**Source data**

◆ ◆ ◆ ◆

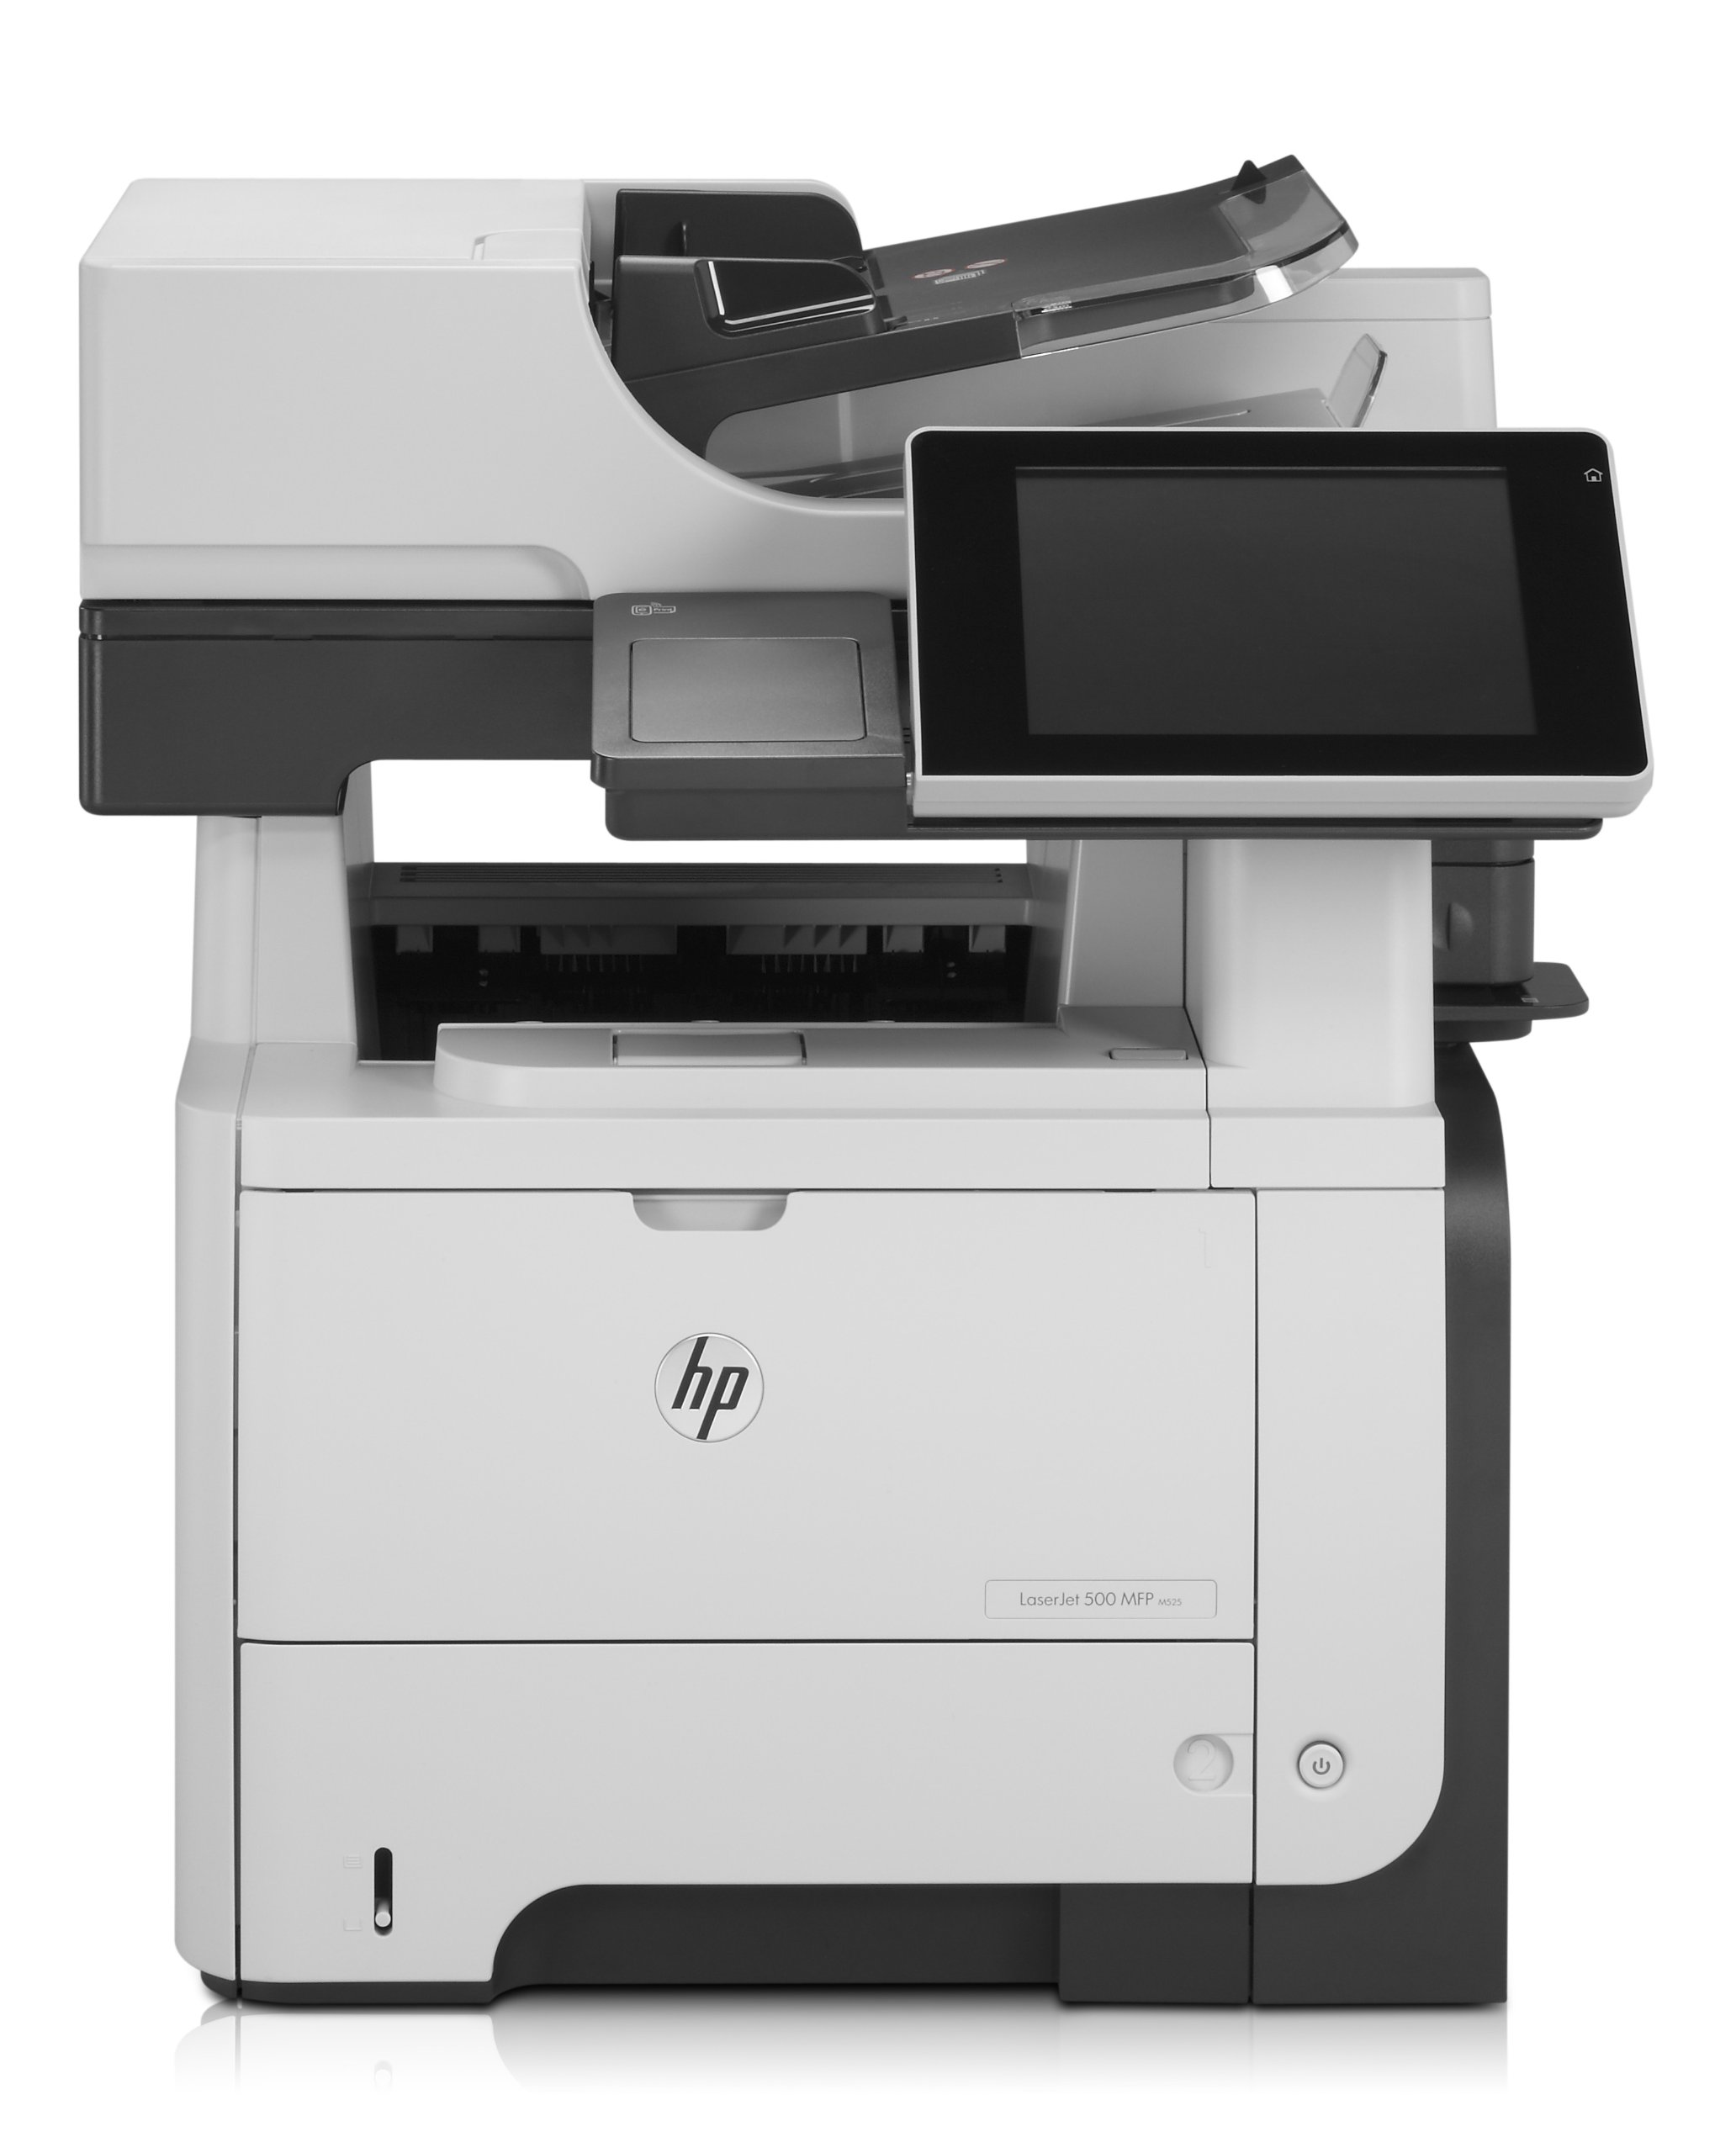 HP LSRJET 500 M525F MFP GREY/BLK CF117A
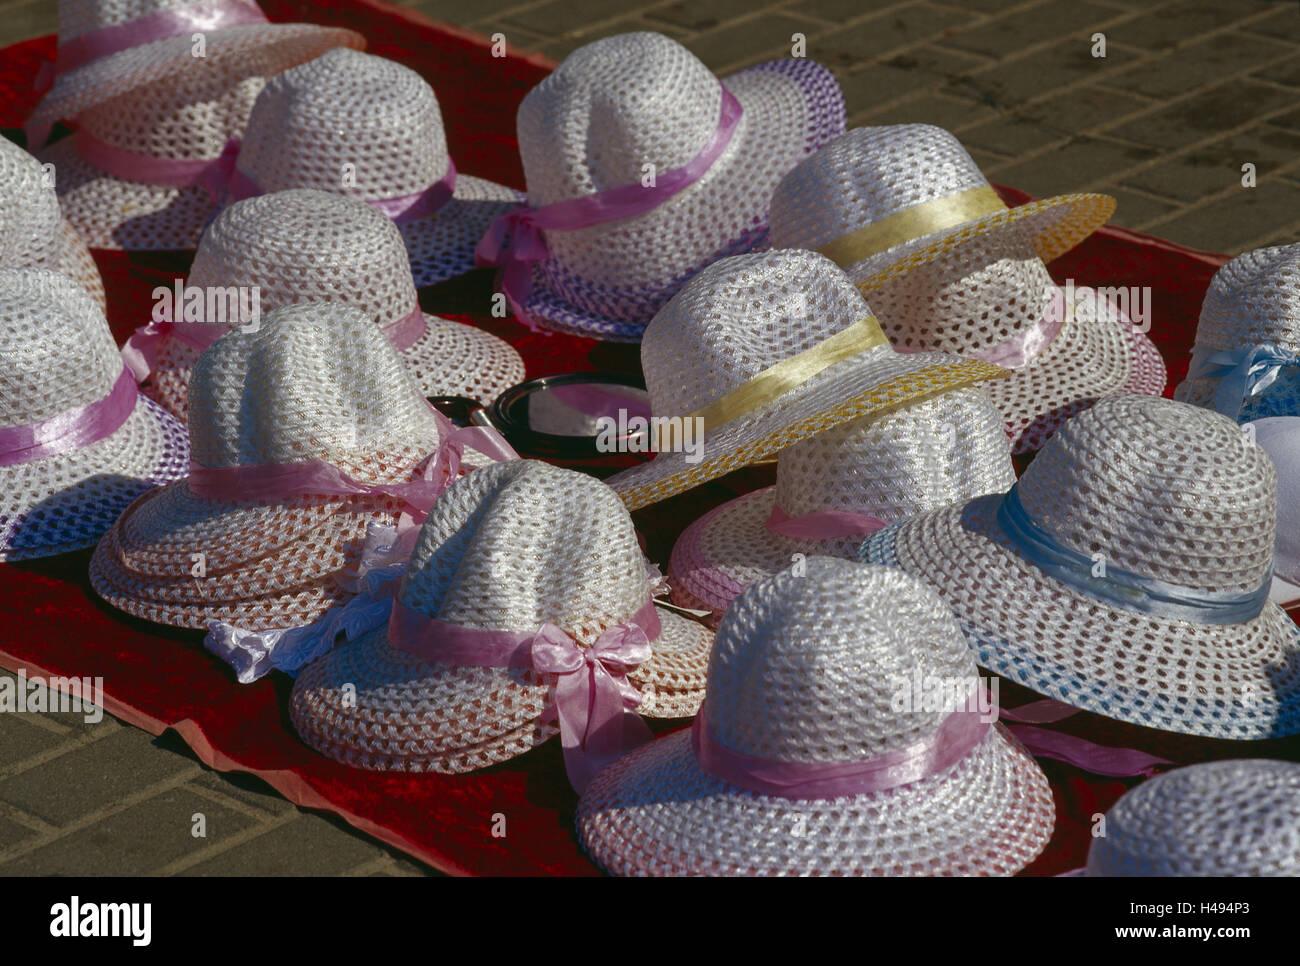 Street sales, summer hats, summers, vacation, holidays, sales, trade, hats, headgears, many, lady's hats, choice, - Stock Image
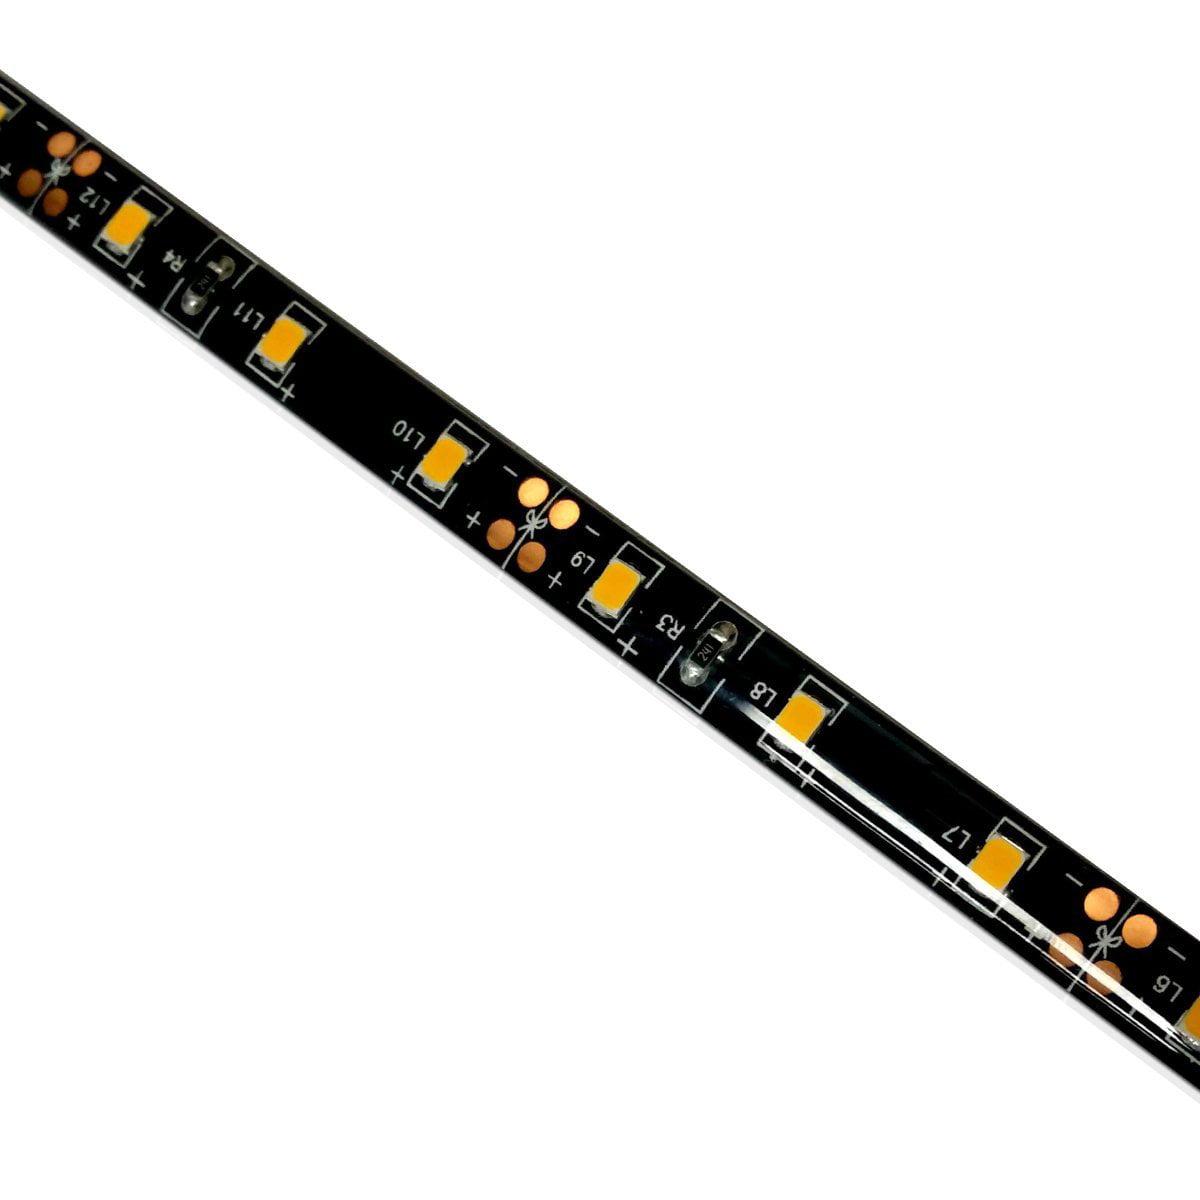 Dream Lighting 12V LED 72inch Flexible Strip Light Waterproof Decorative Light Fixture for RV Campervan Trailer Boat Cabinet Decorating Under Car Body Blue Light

◆ ◆ ◆ ◆

**Aim of the task**
The required output consists only of the lines from the one containing "Street sales, summer" to the last line of the material, reproduced exactly, pictures excluded.

**Written answer**
 Street sales, summer hats, summers, vacation, holidays, sales, trade, hats, headgears, many, lady's hats, choice, - Stock Image
 Dream Lighting 12V LED 72inch Flexible Strip Light Waterproof Decorative Light Fixture for RV Campervan Trailer Boat Cabinet Decorating Under Car Body Blue Light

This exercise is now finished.